On January 25, 2008, Blaine filed a motion for the appointment of counsel to assist her in filing a sentencing reduction motion under 18 U.S.C. § 3582(c)(2). In an order dated March 5, 2008, the magistrate judge denied Blaine’s motion to appoint counsel.

On March 11, 2008, Blaine filed, pro se, a § 3582(c)(2) motion to reduce her 121-month sentence based on Amendment 706. On June 23, 2008, the district court denied Blaine’s § 3582(c)(2) motion. The district court found that Blaine’s previous offense level was 32, she had a criminal history category of II, with a resulting advisory guidelines range of 135 to 168 months’ imprisonment. Applying Amendment 706’s two-level reduction, the district court found that Blaine’s amended offense level was 30 and her criminal history category was II, with a resulting amended guidelines range of 108 to 135 months’ imprisonment. The district court then found that Blaine’s original 121-month sentence fell within her new guidelines range of 108 to 135 months, that the sentencing court had departed below Blaine’s original guidelines range of 135 to 168 months, and that “a sentence of 121 months adequately addresses the sentencing factors found at 18 U.S.C. § 3553(a).” 3

Blaine had 14 days, or until July 7, 2008, to appeal the denial of her § 3582(c)(2) motion. See Fed. R.App. P. 4(b)(1)(A). 4 Blaine did not file a notice of appeal within that time frame.

C. Blaine’s Motion for Reconsideration

On July 16, 2008, Blaine filed a motion for reconsideration of the June 23, 2008 denial of her § 3582(c)(2) motion. Blaine’s motion for reconsideration was filed 23 days after that June 23 denial.

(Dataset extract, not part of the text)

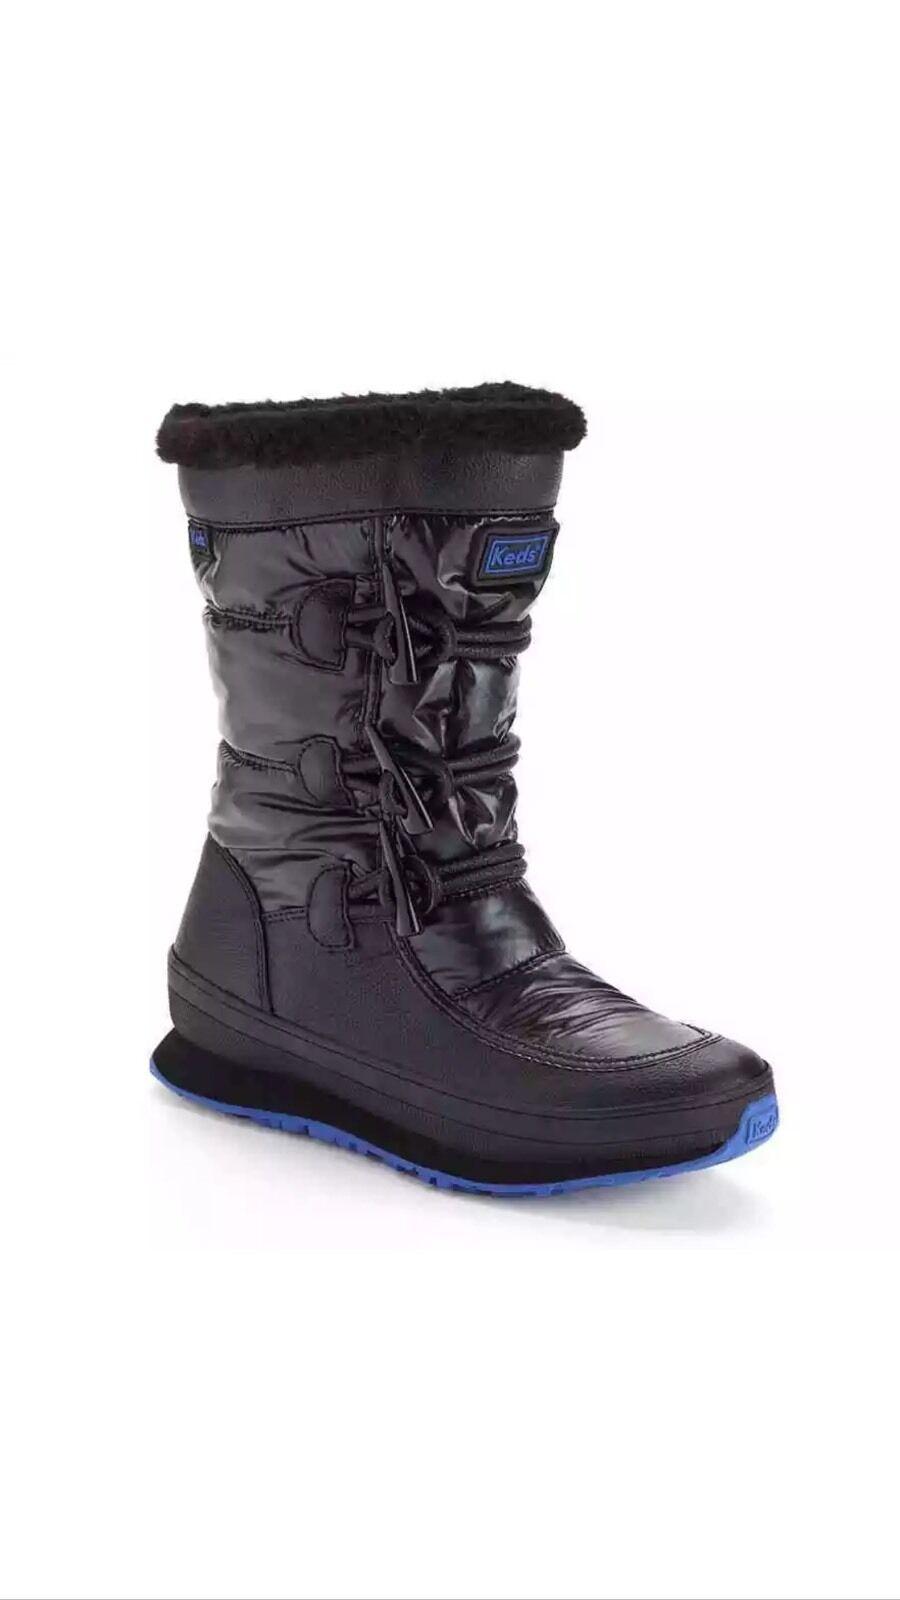 Keds Powder Puff Women's Boots Style WF52046 NWB Black Sz 6

Blaine’s motion for reconsideration argued that, in denying her § 3582(c)(2) motion, the district court incorrectly recalculated Blaine’s new base offense level and new guidelines range in accordance with the findings of the court during the original sentencing. Blaine pointed out that (1) her original sentence was based on an offense level of 32 and a criminal history category of I, resulting in an advisory guidelines range of 121 to 151 months, (2) that her 121-month sentence was at the low end of that initial range, (3) that a two- *257 level reduction in her base offense level (based upon Amendment 706) results in a base offense level of 30, which with her criminal history of category I, yields a new advisory guidelines range of 97 to 121 months, and (4) that her new sentence should be 97 months, which is at the low end of that recalculated range. 5

On April 9, 2009, the district court denied Blaine’s motion for reconsideration for the same reasons stated in its earlier denial of Blaine’s § 3582(c)(2) motion.